Let's say I made a claim, and my homeowner's insurance went up some rediculous amount like 20%. So now I'm paying just over $100/year for the rider plus the penalty on my main policy. Squaretrade would have been $220 for three years on just ONE LENS (Nikon 70-200 f2.8 AF-S VR), or an average of $73/year for the coverage period.

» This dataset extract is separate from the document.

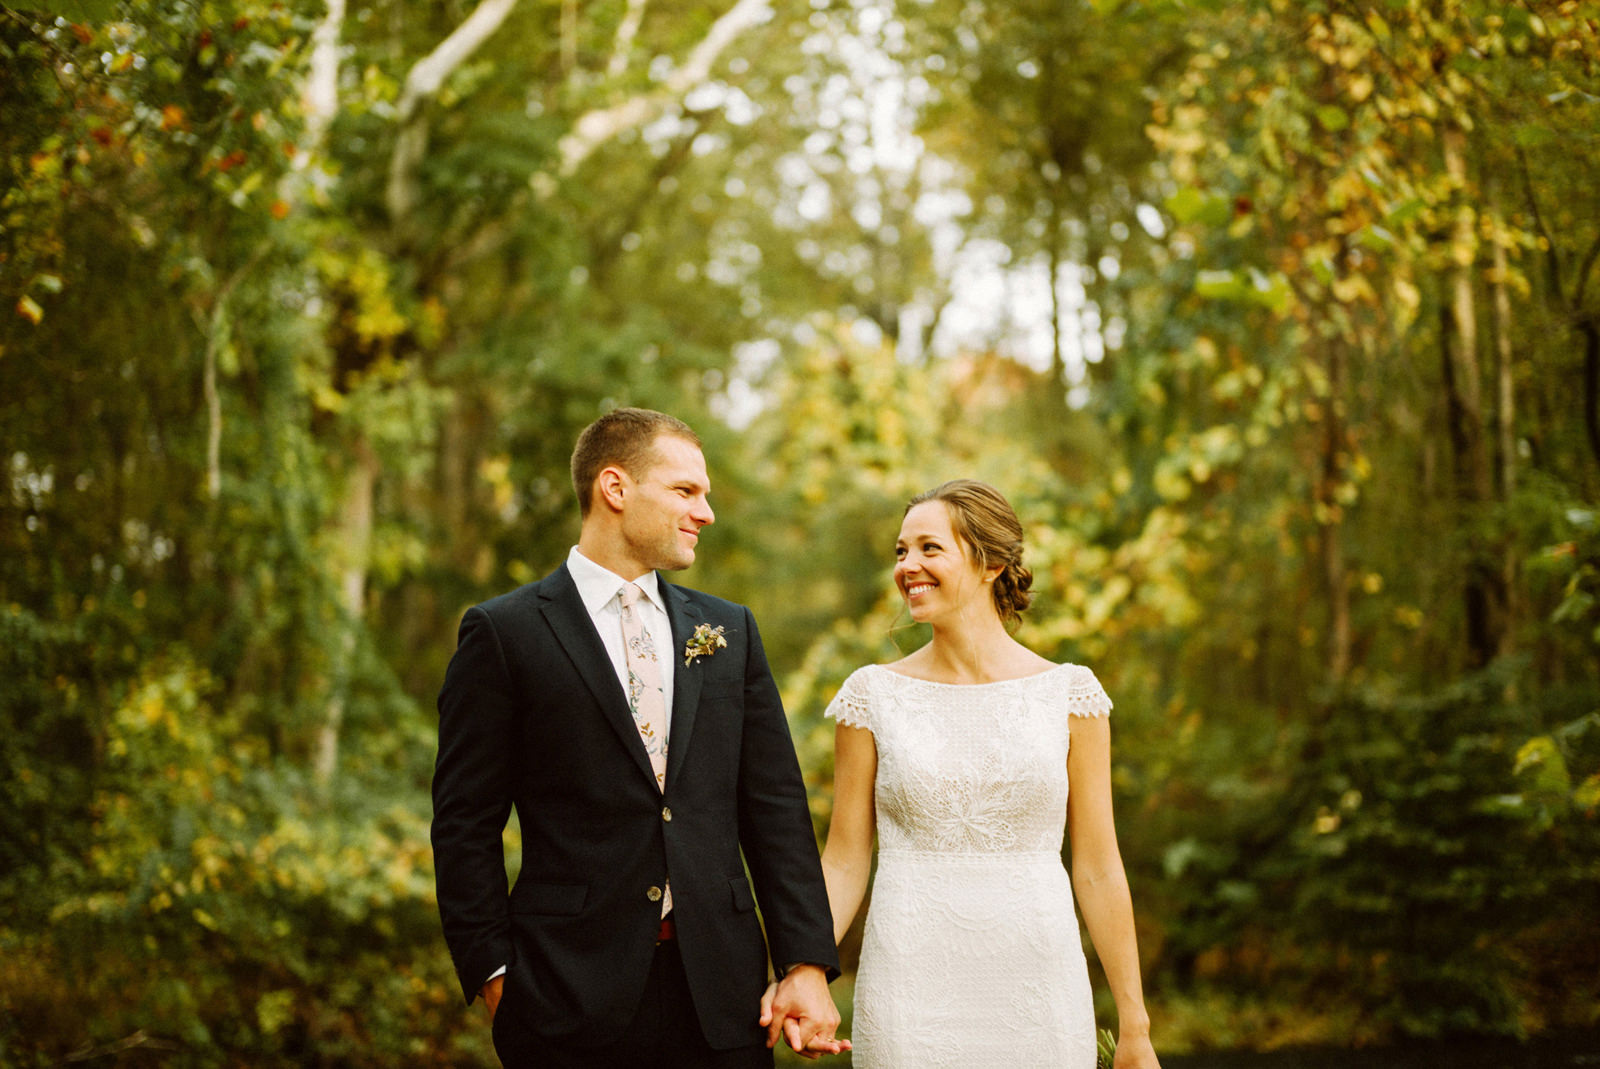 bridgeport-wedding-116 BRIDGEPORT, CONNECTICUT BACKYARD WEDDING

Based on that, the overall cost for insuring all my gear with them would have been well over a grand, and again expires after three years. Even in the "nightmare scenario", that same money still gives me over a decade of coverage. If I don't need to make a claim, it provides almost a quarter-century of protection.


----------



## BK (Feb 5, 2009)

I've dropped my Palm Treo more times than I can count -- the metal has chipped where it hit concrete, but when i put the battery back in and the case back on, it always works.  That thing is a TANK!  I'm scared to change to a fragile phone, so when the Treo finally bites the dust, I'll go back to my metal-bodied Motorola flip phone.  (I didn't  want to go online with the tiny phone screen OR pay an extra $30 a month for a data plan, so I use other devices for Internet access.)

It's probably too late to get Square  Trade for my iPad... Doesn't it have to be purchased w/in 30 days?  Guess I'll consider a rider.

btw, I don't think claims from rider coverage affect your overall insurance premiums... At least that's been true with our policy.


----------



## CNDudley (May 14, 2010)

Thought I'd put in a plug for the "Otter Box" that I bought at the AT&T store for my iPhone. A water bottle in my purse leaked, so I reached in to find my iPhone swimming around like Alice in Wonderland when she cries too much. The phone still worked, but the screen was so dark I could only barely make it out in the brightest lights.

With the Otter Box I can get it wet, and I've already dropped it three times with no harm done. Makes your phone relatively huge, but given my three kids and tendency toward personal mishaps, I figure it's a good trade-off.


----------